By using this site, you agree to our updated Privacy Policy and our Terms of Use. Manage your Cookies Settings.
459,700 Members | 1,451 Online
Bytes IT Community
+ Ask a Question
Need help? Post your question and get tips & solutions from a community of 459,700 IT Pros & Developers. It's quick & easy.

Downloading and parsing web-stuff

P: n/a
Very basic:

What is the easiest way in php to download the source code (HTML etc.)
of a given URL (say, http://www.google.com) and parse this code for
certain patterns?

I guess my question can be split in two:

1) How do I download a webpage (into a string or whatever)?

2) How can I do string manupulation, regexp matching, information
extraction etc. on the downloaded information?

/David

Jul 17 '05 #1
Share this Question
Share on Google+
2 Replies


P: n/a

David Rasmussen wrote:
I guess my question can be split in two:

1) How do I download a webpage (into a string or whatever)?
$string = file_get_contents('http://some.url/blah');
2) How can I do string manupulation, regexp matching, information
extraction etc. on the downloaded information?

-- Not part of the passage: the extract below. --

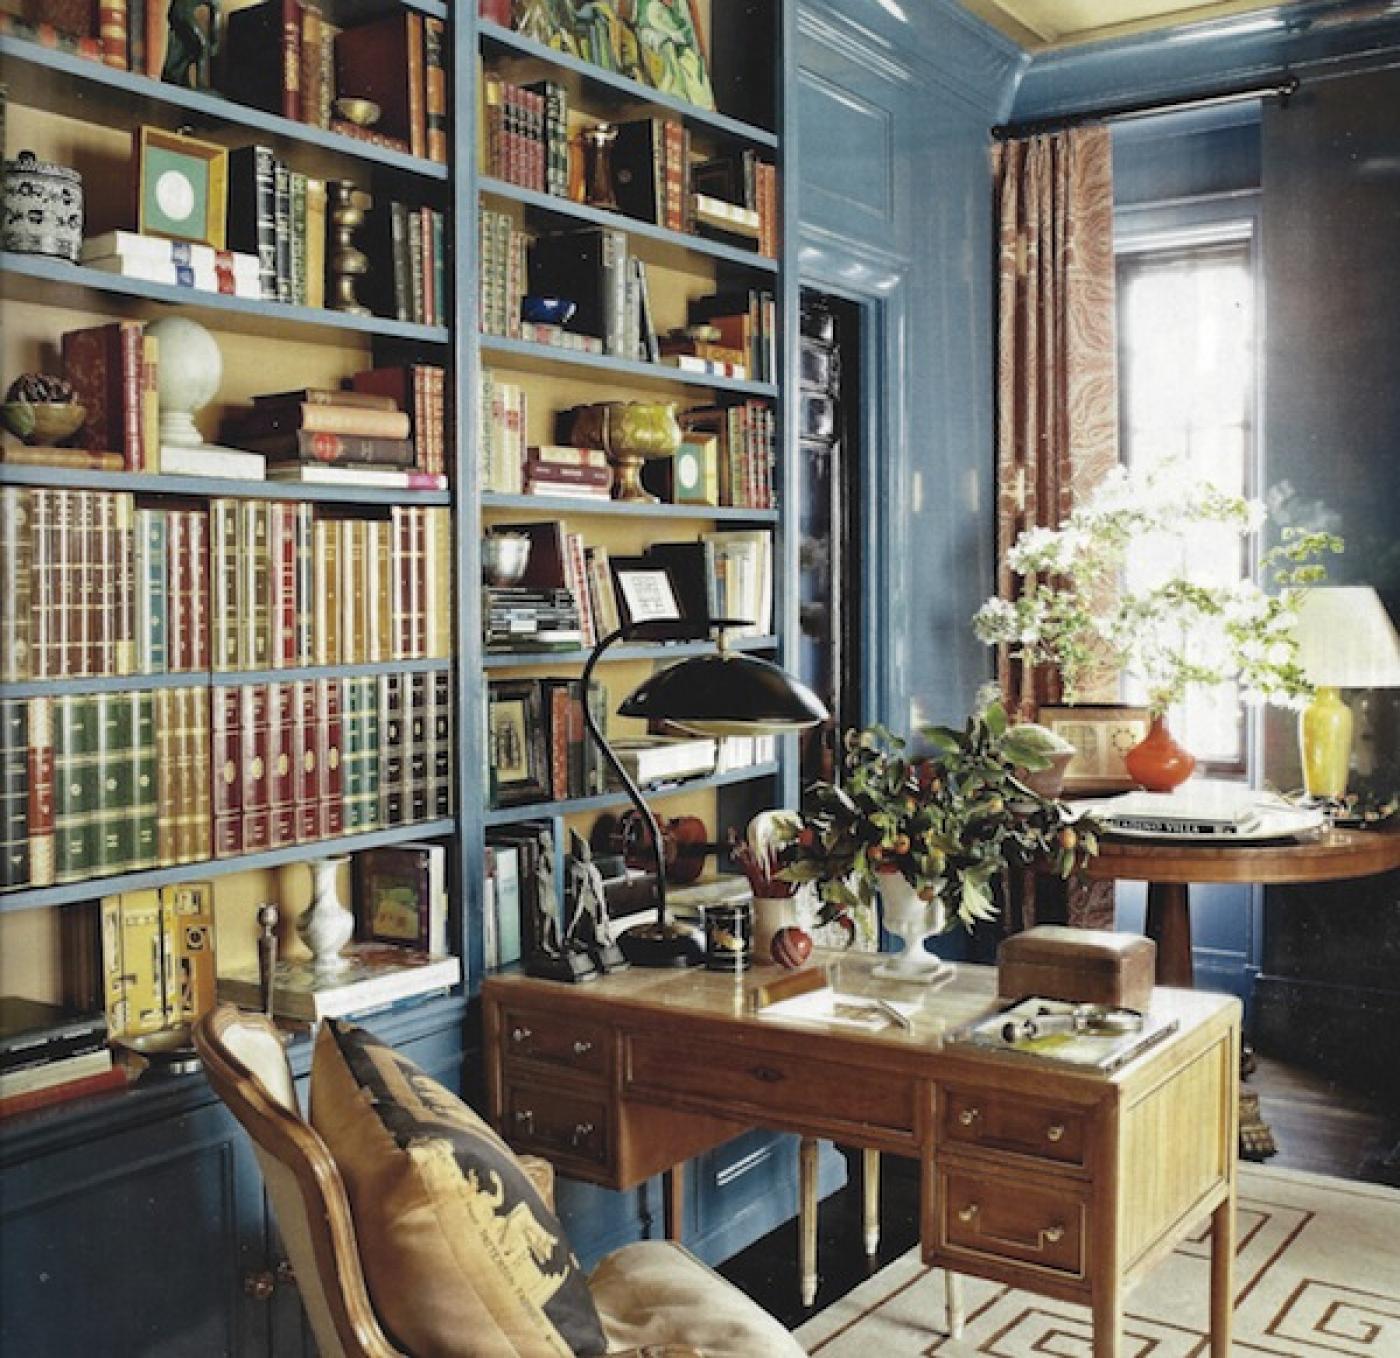 New york city apartment by garrow kedigian interior design for Interior design new york city

now look at the docs for preg_match or ereg
I prefer preg_match

if ( preg_match('|<title>(.*?)</title>|',$string,$matches) )
{
print_r($matches);
}

Jul 17 '05 #2

P: n/a
Treat a full URL as a file.

$contents = implode( file("http://www.google.com/", ''\n") );

Then go to www.php.net/preg_match/ to read up on PCRE (Perl compatible
regular expressions). See also ereg_* functions.

HTH.

-Mike

--
Melt away the Cellulite with Cellulean!
http://www.MeltAwayCellulite.com/
"David Rasmussen" <da*************@gmx.net> wrote in message
news:42*********************@dtext02.news.tele.dk. ..
Very basic:

What is the easiest way in php to download the source code (HTML etc.)
of a given URL (say, http://www.google.com) and parse this code for
certain patterns?

I guess my question can be split in two:

1) How do I download a webpage (into a string or whatever)?

2) How can I do string manupulation, regexp matching, information
extraction etc. on the downloaded information?

/David

Jul 17 '05 #3

This discussion thread is closed

Replies have been disabled for this discussion.